▶ **TRY IT**
Reproduce the listing exactly, with no pictures in your copy.

▶ **GIVEN INFORMATION**
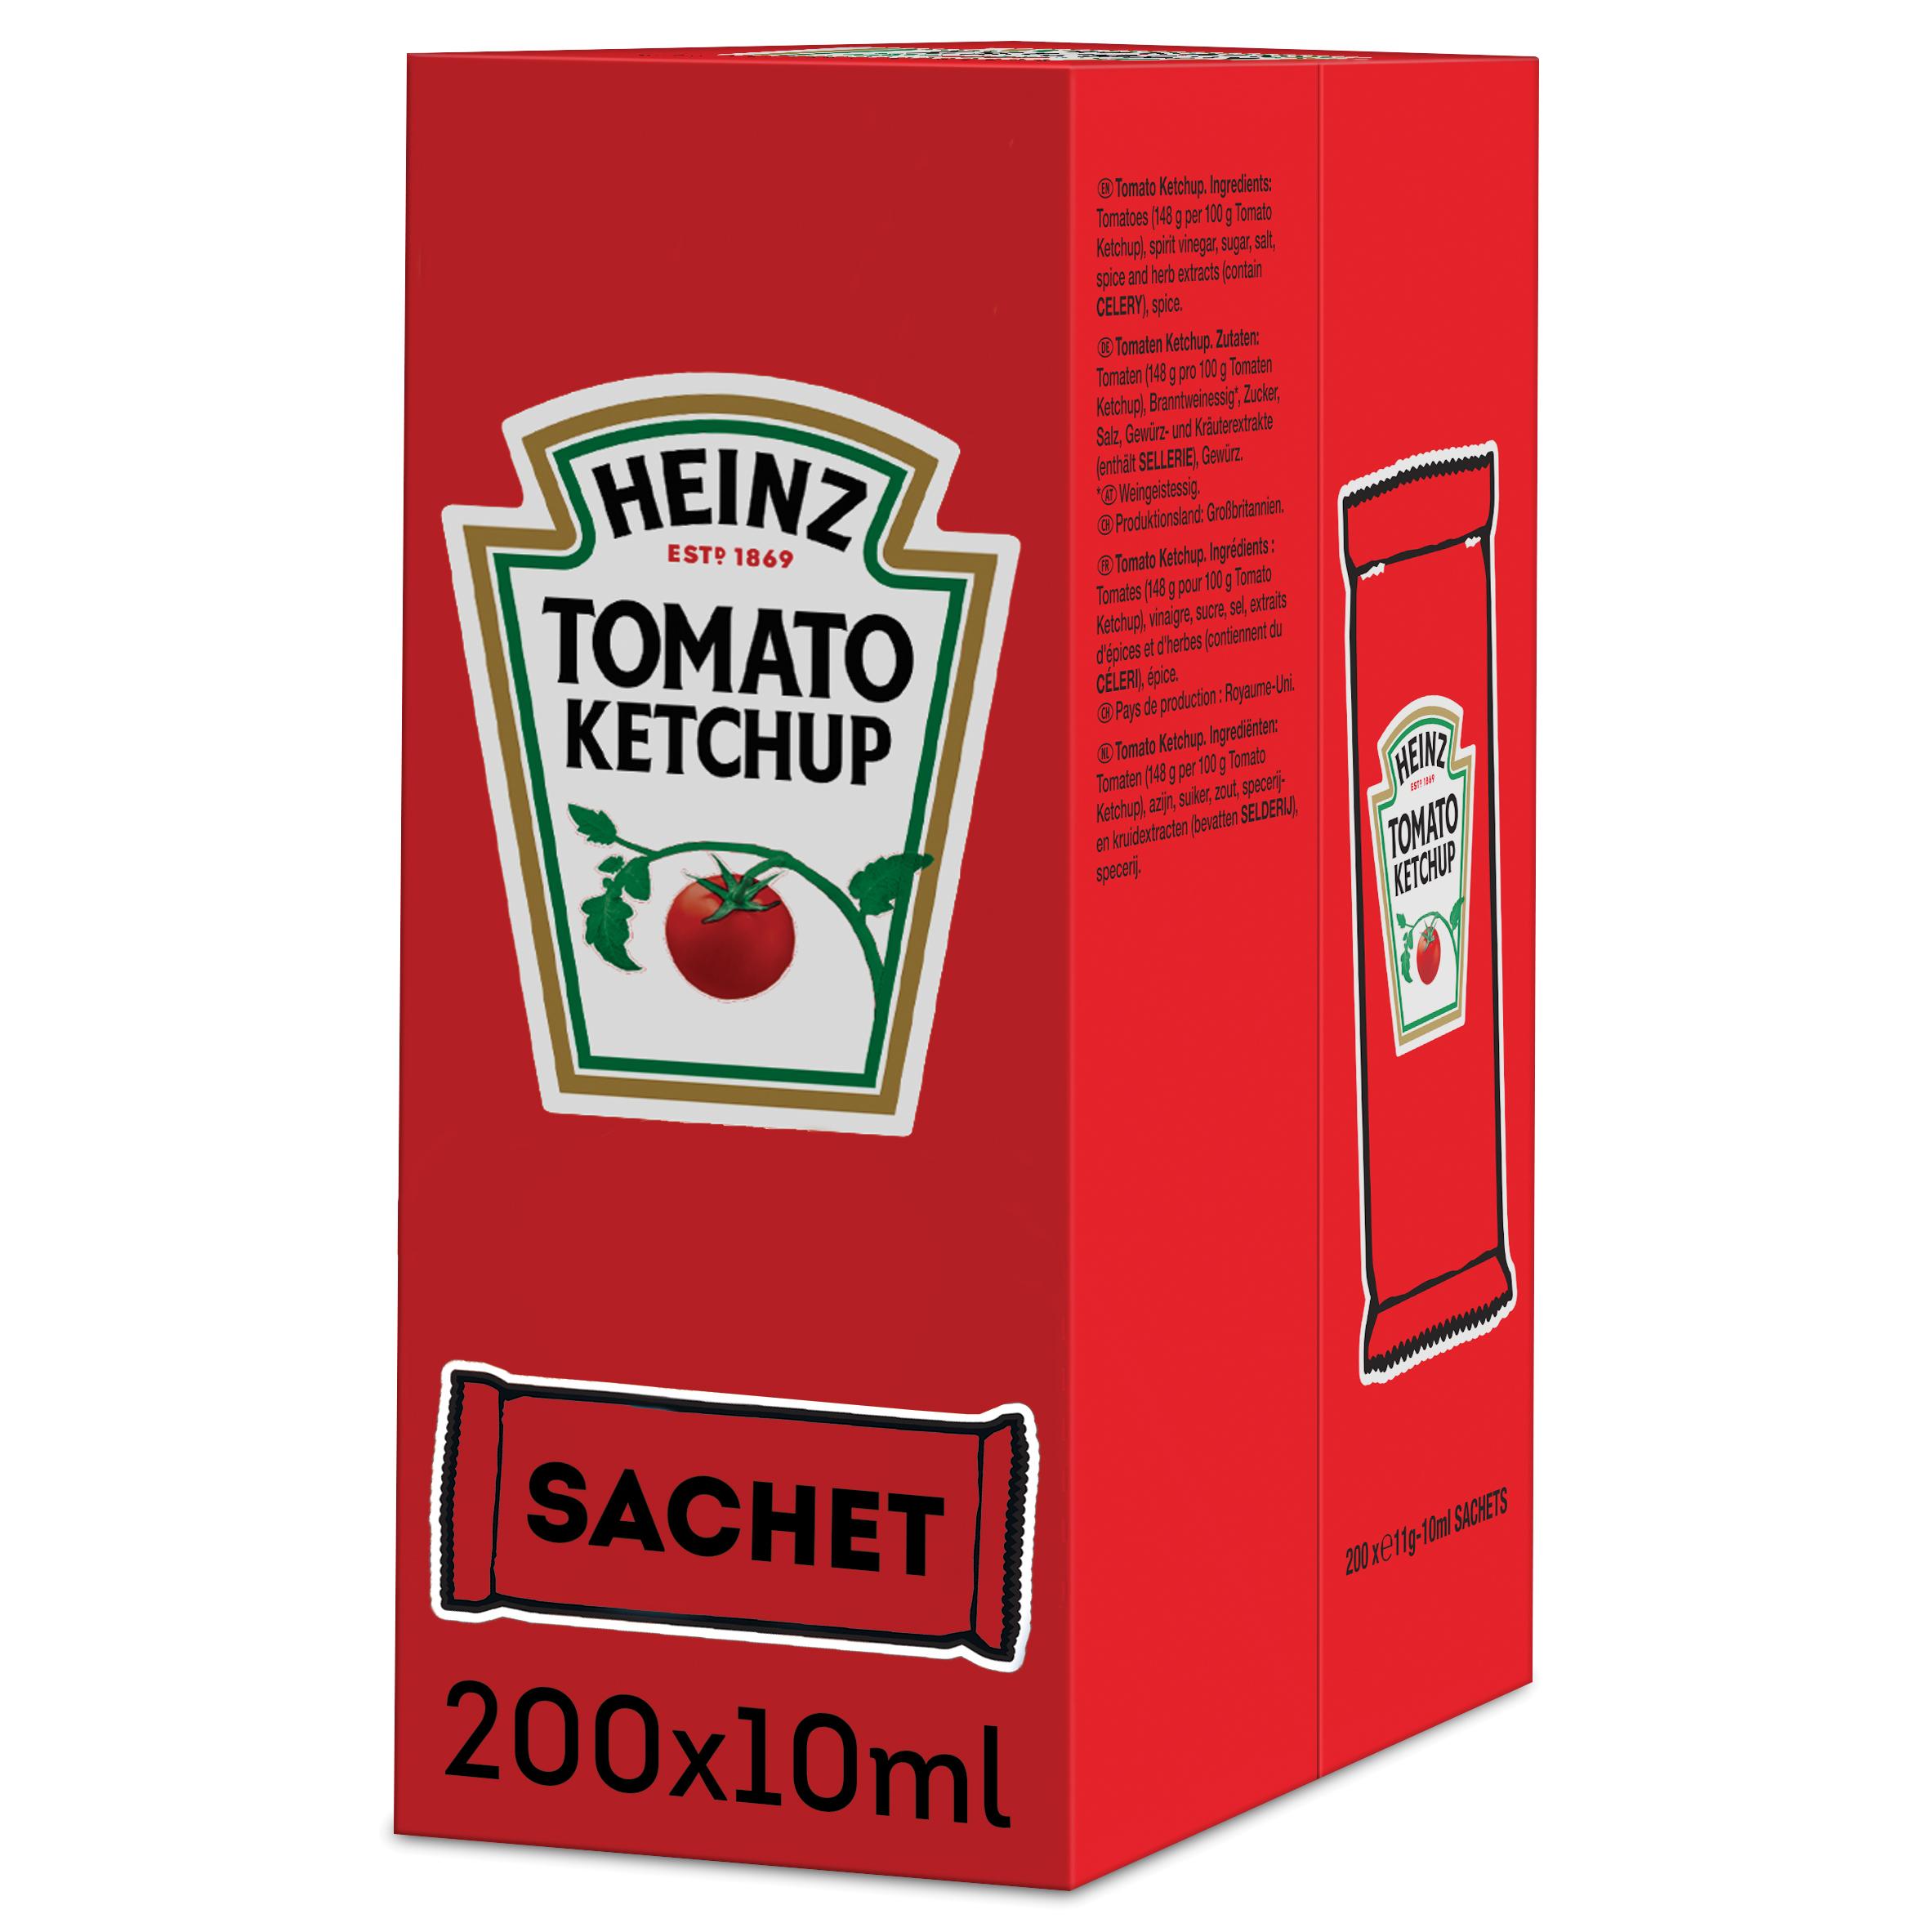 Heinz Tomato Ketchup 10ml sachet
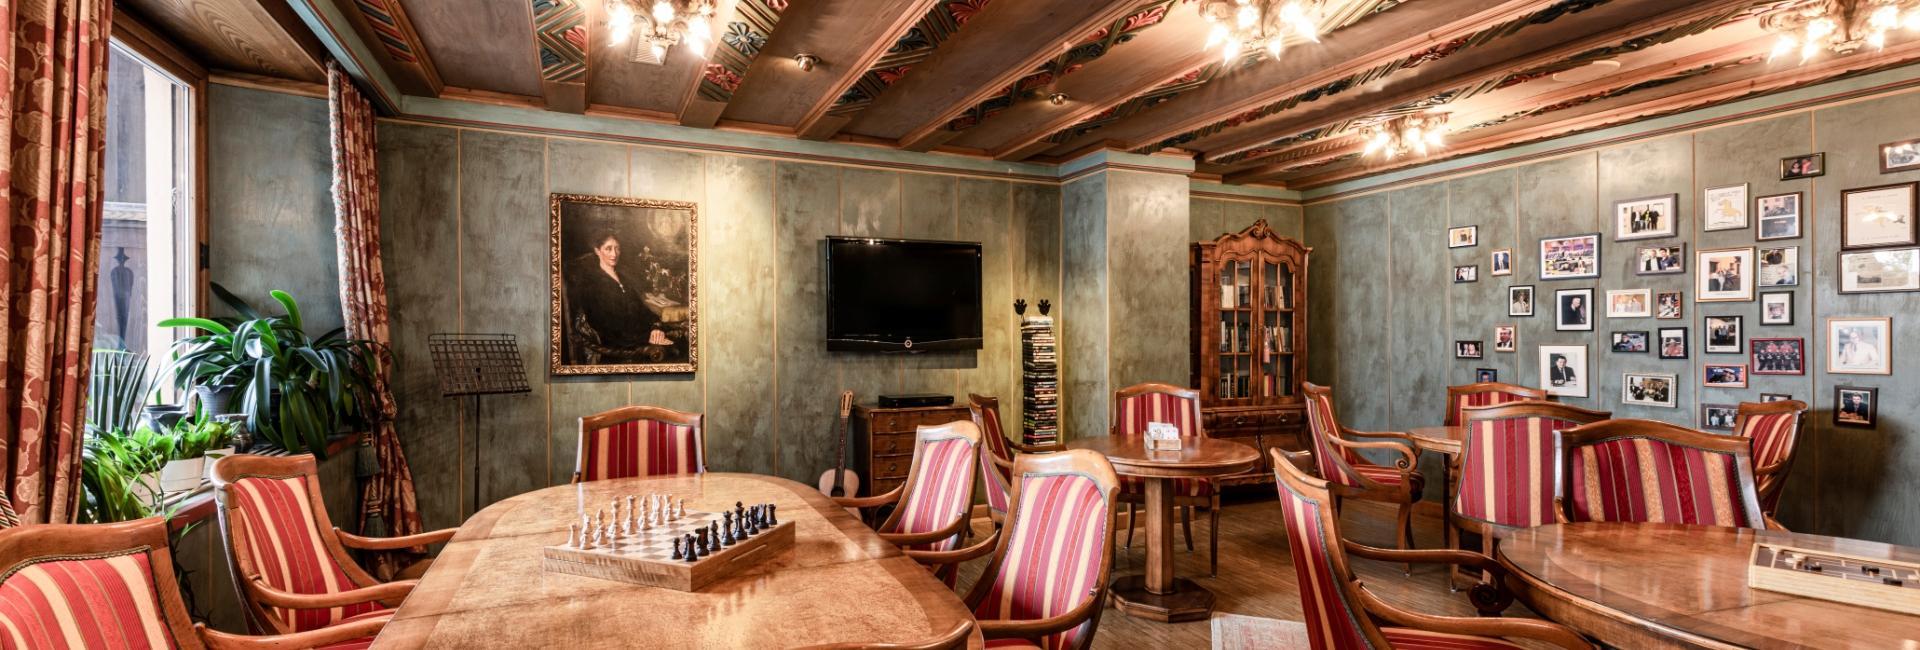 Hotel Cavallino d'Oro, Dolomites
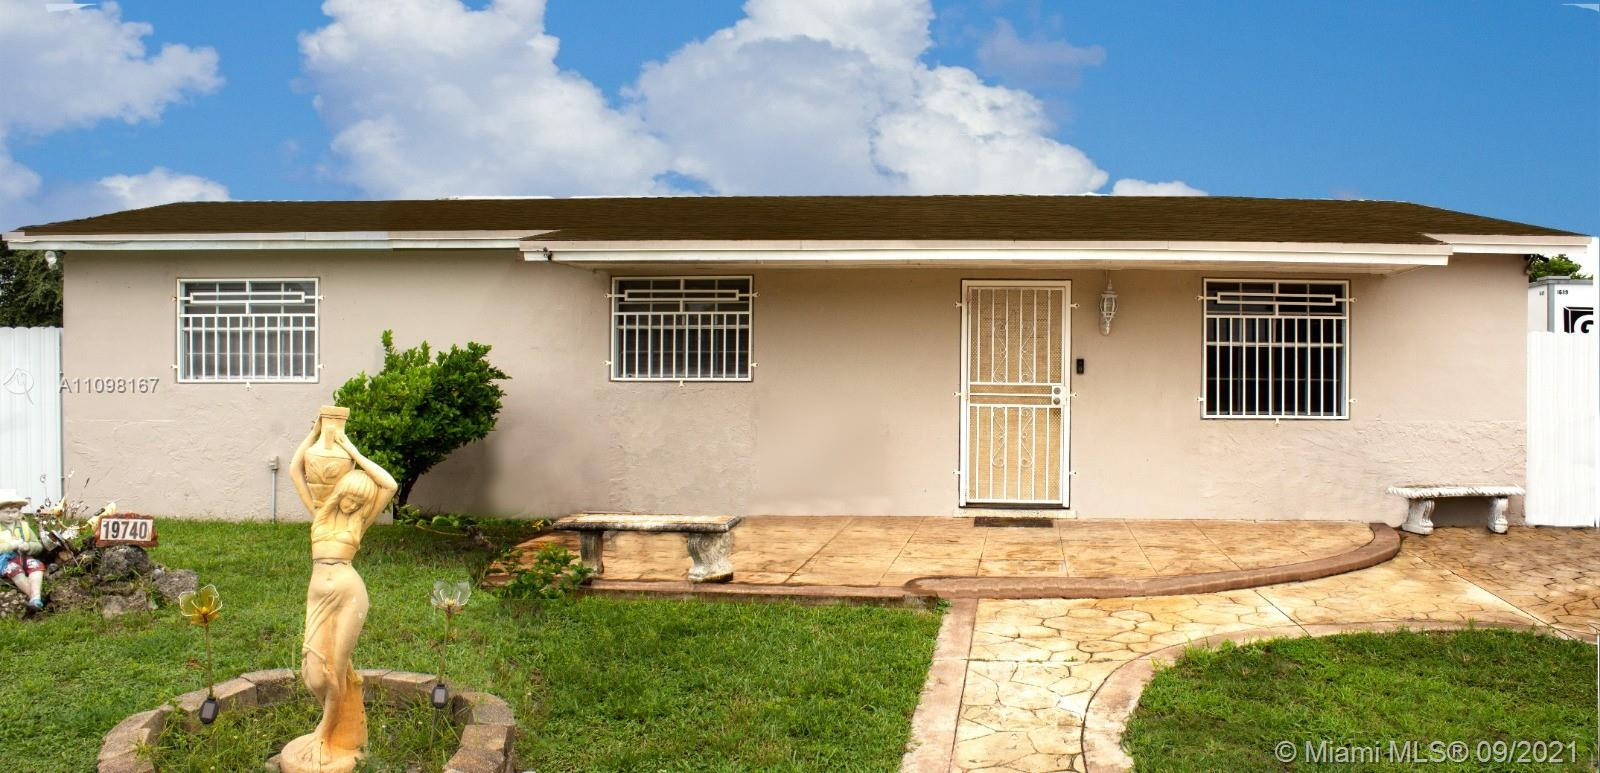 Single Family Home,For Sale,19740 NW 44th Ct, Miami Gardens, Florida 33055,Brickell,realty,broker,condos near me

▶ **RESPONSE TO THIS EXERCISE**
 Heinz Tomato Ketchup 10ml sachet
 Hotel Cavallino d'Oro, Dolomites
 Single Family Home,For Sale,19740 NW 44th Ct, Miami Gardens, Florida 33055,Brickell,realty,broker,condos near me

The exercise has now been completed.